Ladite loi est d'abord celle de la bureaucratie ex-stalinienne qui est restée la force sociale et politique dominante de la société russe. Car à côté de " nouveaux riches " prospérant dans les affaires, on trouve une bureaucratie très nombreuse qui exploite le fait qu'elle tient le pouvoir, et donc celui d'autoriser ou pas les affaires de la petite et moyenne bourgeoisie russe.

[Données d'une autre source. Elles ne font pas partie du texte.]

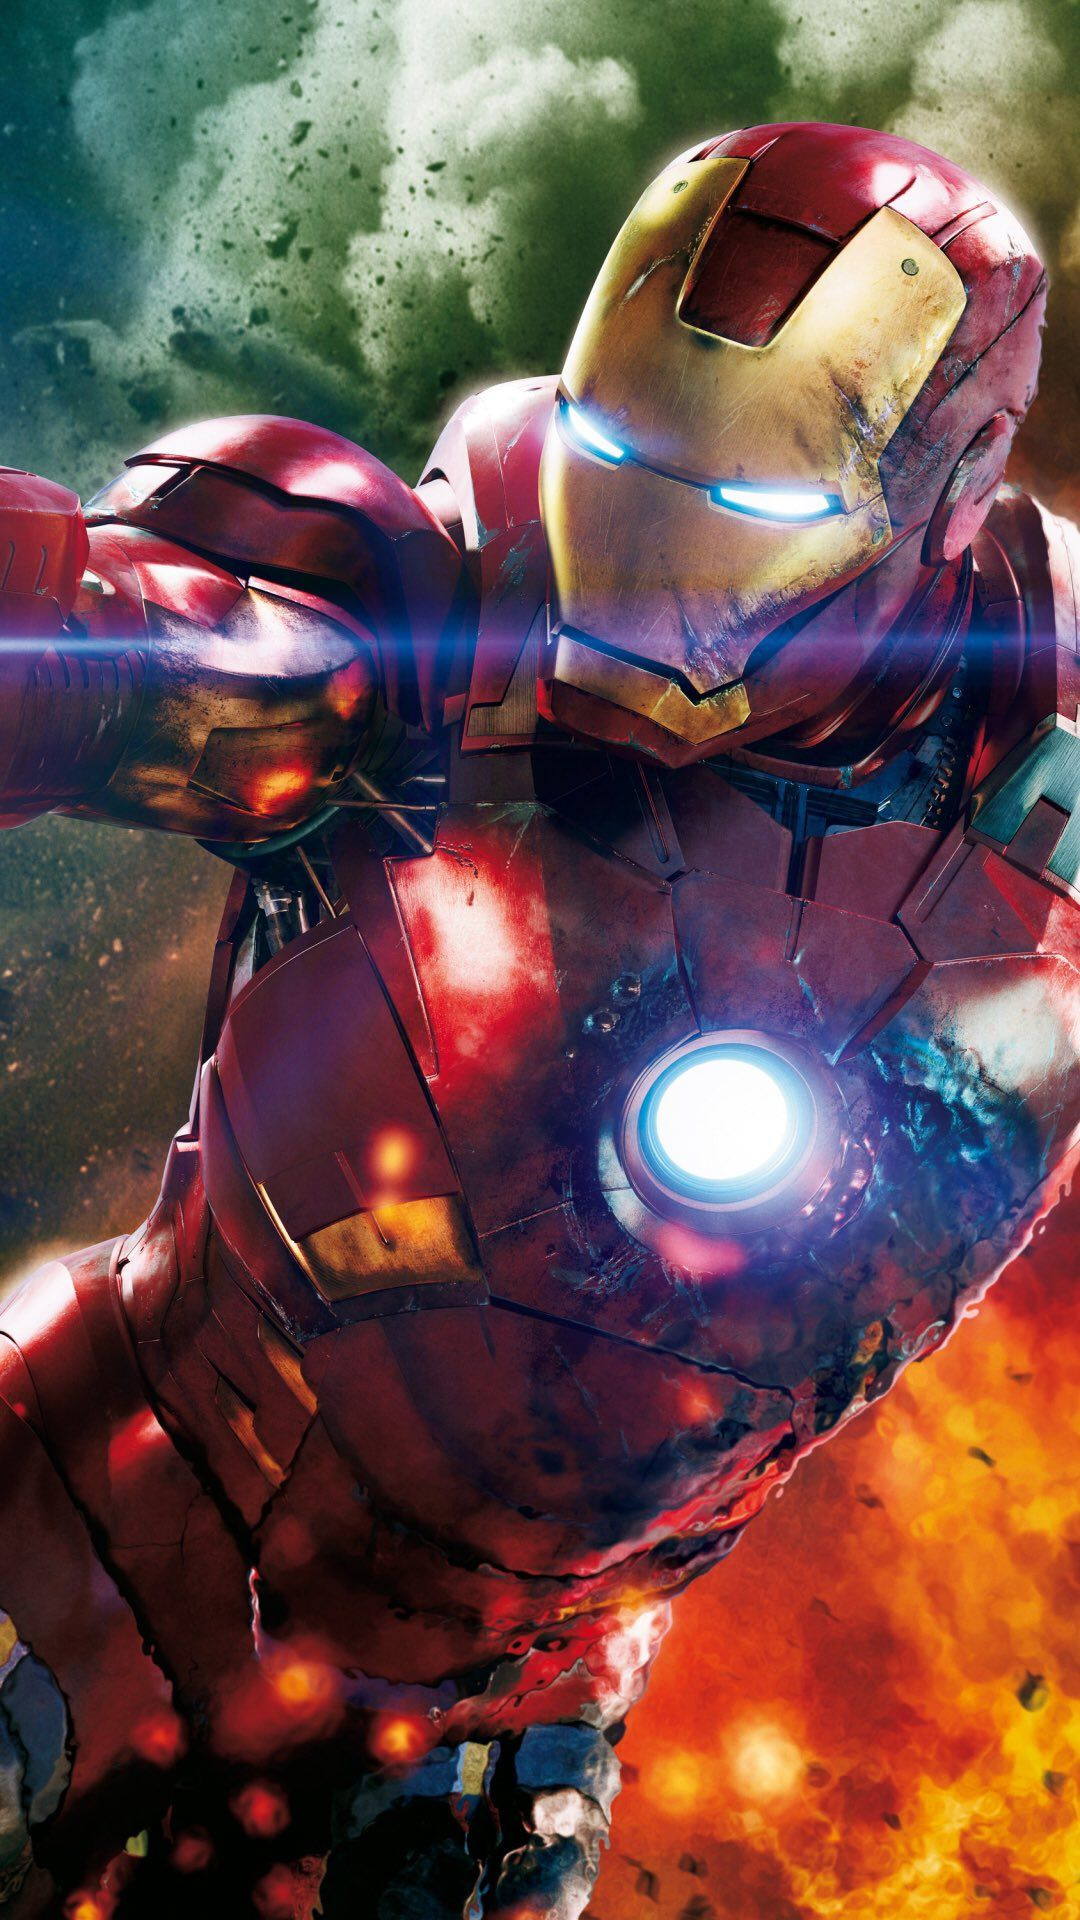 Ironman Https T Co Hfrdfpengx Iron Man Wallpaper Avengers Wallpaper Marvel Iron Man

Le Kremlin de Poutine chapeaute au sommet ce parasitisme en grand - le montant de la seule corruption, dont la bureaucratie est la principale sinon unique bénéficiaire, est estimé à 250 milliards de dollars par an ! Il régule aussi, dans une certaine mesure, la mise en coupe réglée de l'économie en ayant distribué aux divers clans du pouvoir des parts du gâteau, et en veillant à ce que certains ne puissent pas s'estimer trop lésés par d'autres. Mais si Poutine a ainsi pu s'établir comme un nouvel arbitre suprême au sein de la bureaucratie - une vieille tradition depuis Staline -, les équilibres qui en résultent restent fragiles. On l'a encore constaté ces derniers mois, où des généraux se sont retrouvés en prison, et d'autres hauts gradés ont été assassinés, au fil de sombres règlements de comptes entre clans des services secrets sur fond de contrôle des trafics de drogue.
La précarité même de cet équilibre, et l'expérience que la bureaucratie a faite ces vingt dernières années du chaos qu'entraînait l'absence d'un arbitre suprême, font que, pour l'heure, les clans dirigeants russes considèrent de leur intérêt bien compris que rien ne change d'essentiel à l'édifice actuel du pouvoir.
S'adressant au pays à la veille du scrutin législatif, Poutine avait dit que le pays entrait " dans une phase de renouvellement complet des pouvoirs ". Mais le problème de Poutine, et des sommets de la bureaucratie, est surtout que rien d'essentiel ne change dans cet équilibre fragilement restauré.